— INSTRUCTIONS TO FOLLOW —
Return the data below exactly, minus the pictures.

*** Opening of MATERIAL PROVIDED ***

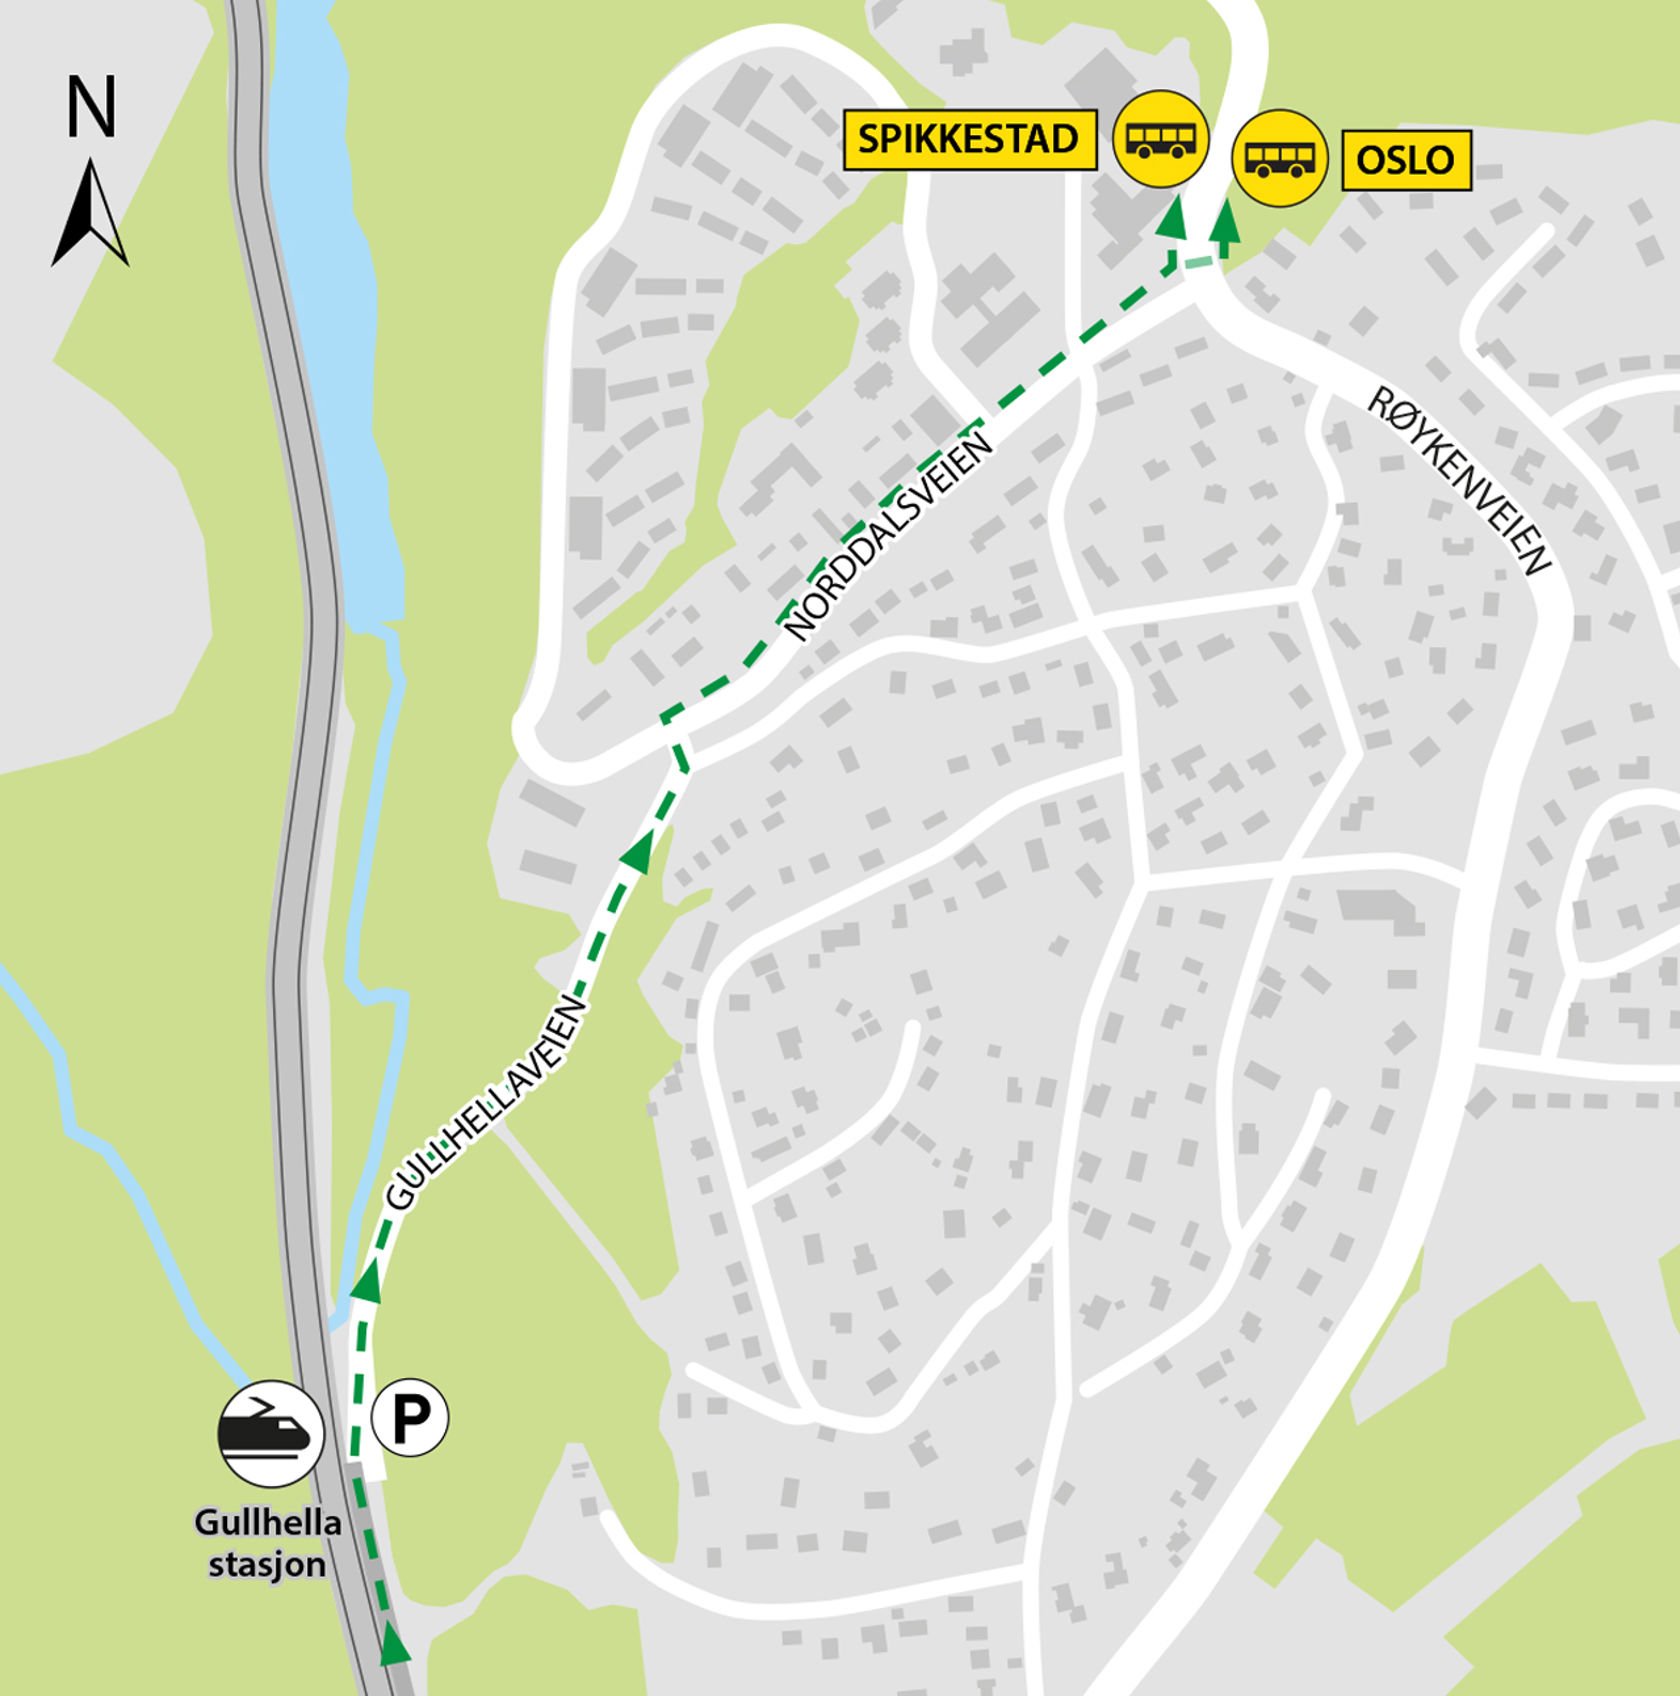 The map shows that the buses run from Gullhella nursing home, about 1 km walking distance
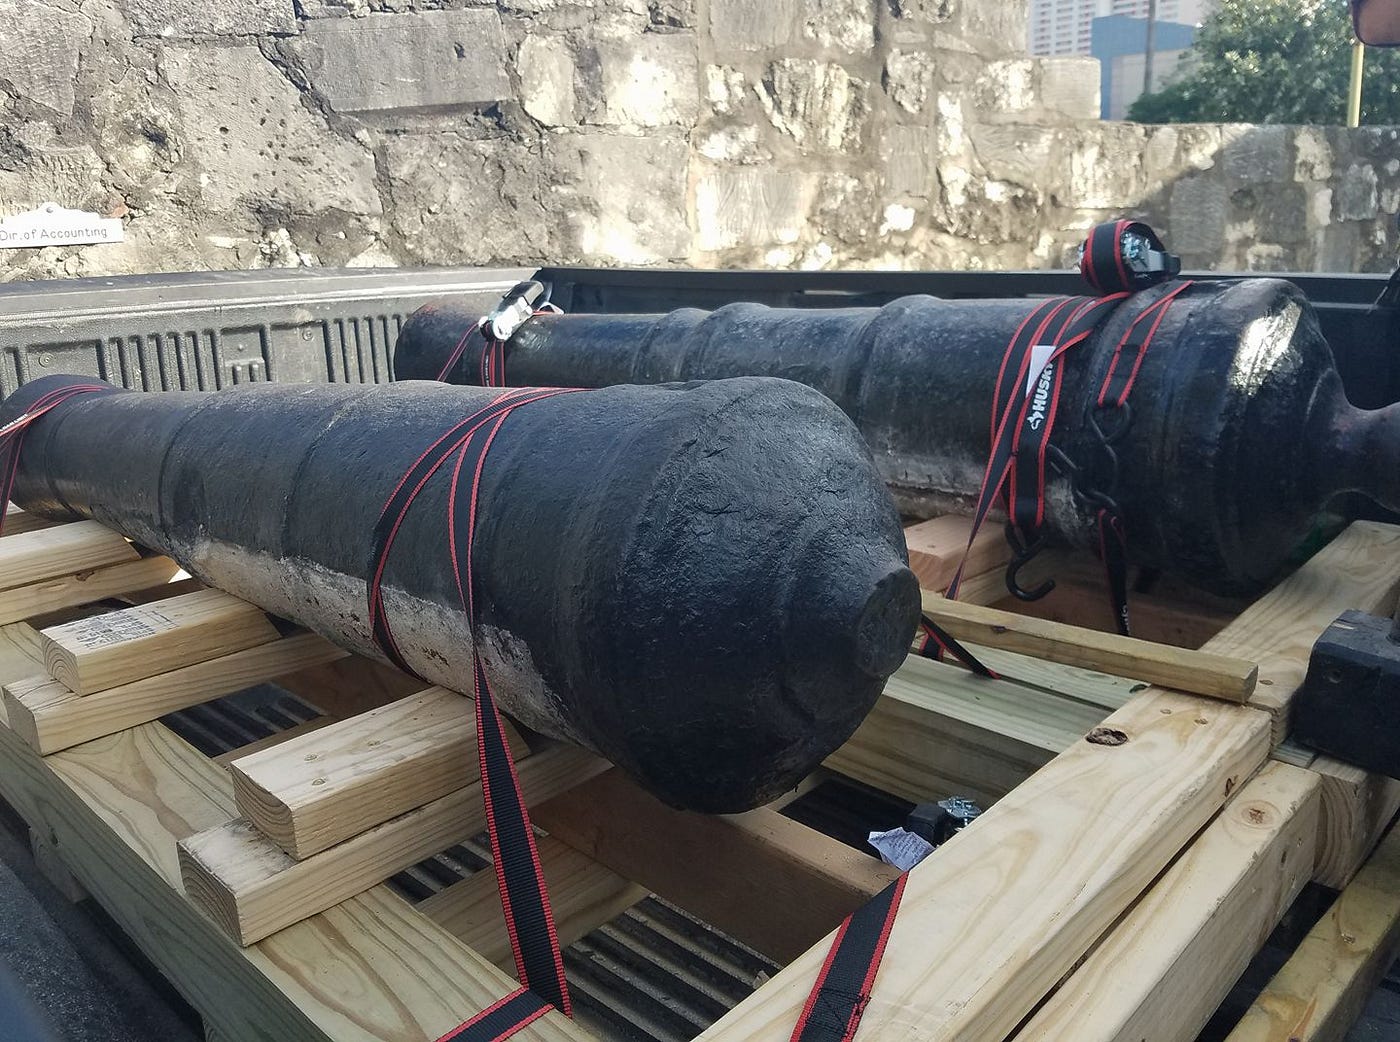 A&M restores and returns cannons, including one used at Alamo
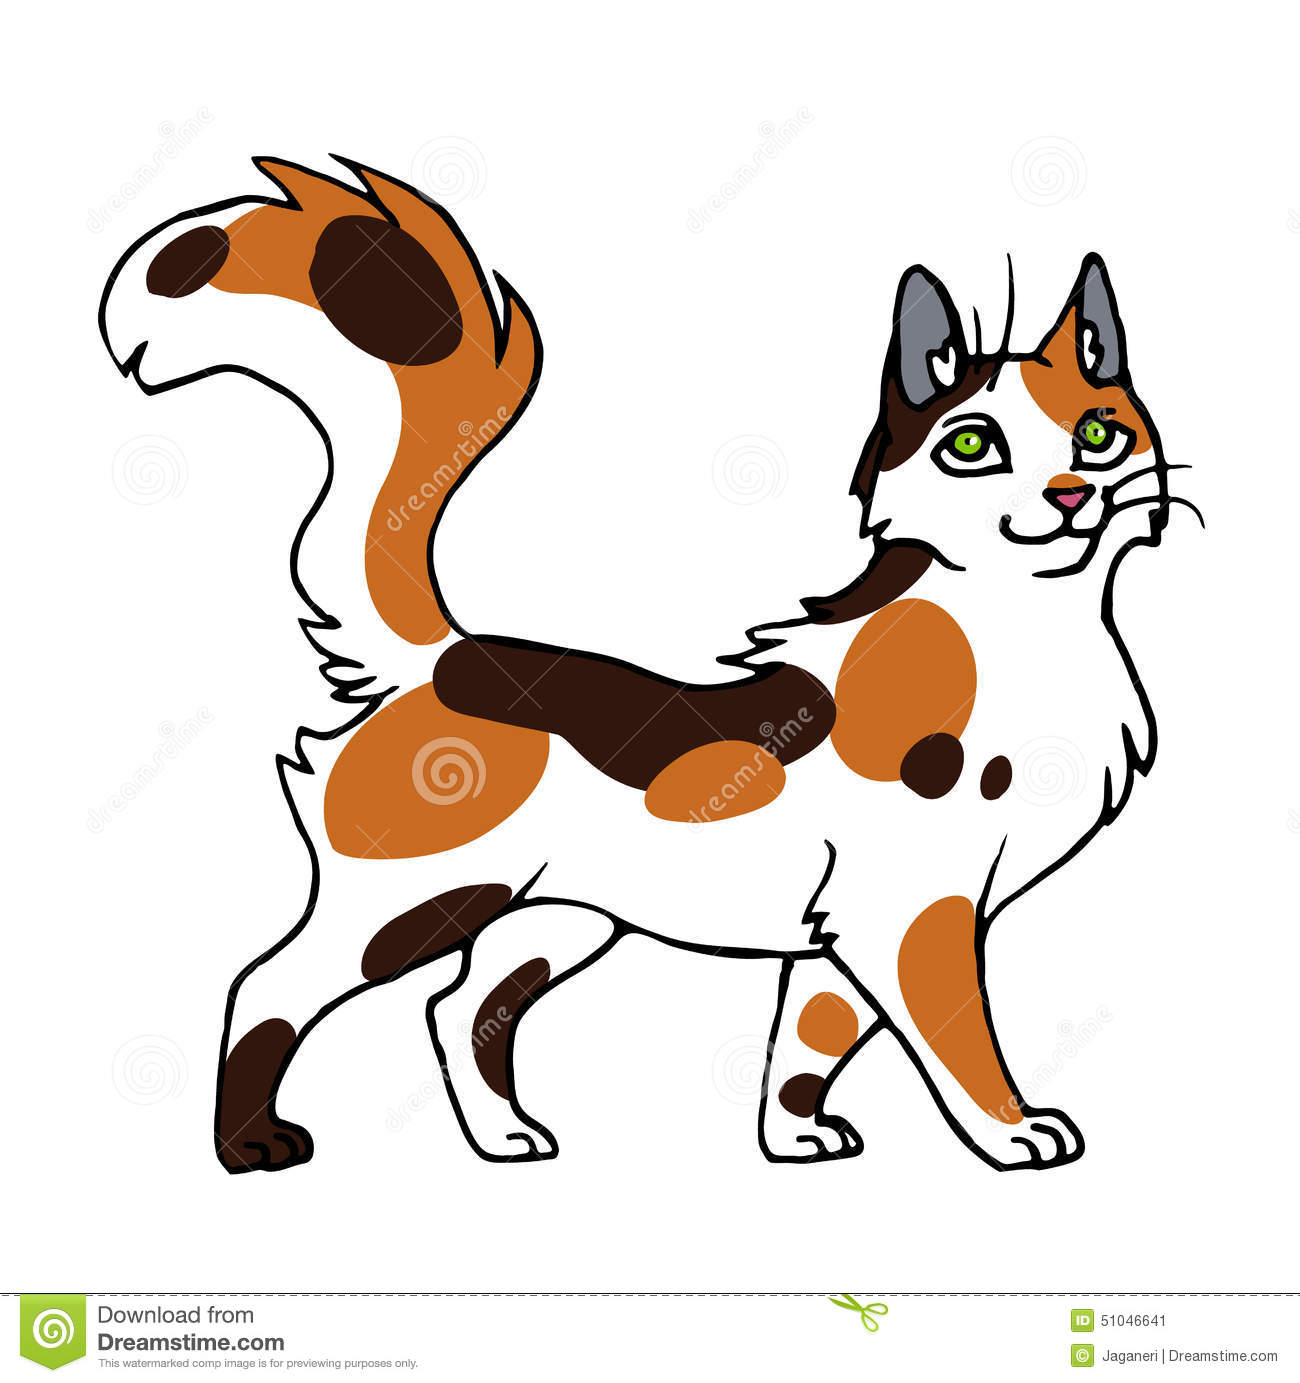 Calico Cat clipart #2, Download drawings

*** Close of MATERIAL PROVIDED ***

— SOLUTION FOR THIS EXERCISE —
 The map shows that the buses run from Gullhella nursing home, about 1 km walking distance
 A&M restores and returns cannons, including one used at Alamo
 Calico Cat clipart #2, Download drawings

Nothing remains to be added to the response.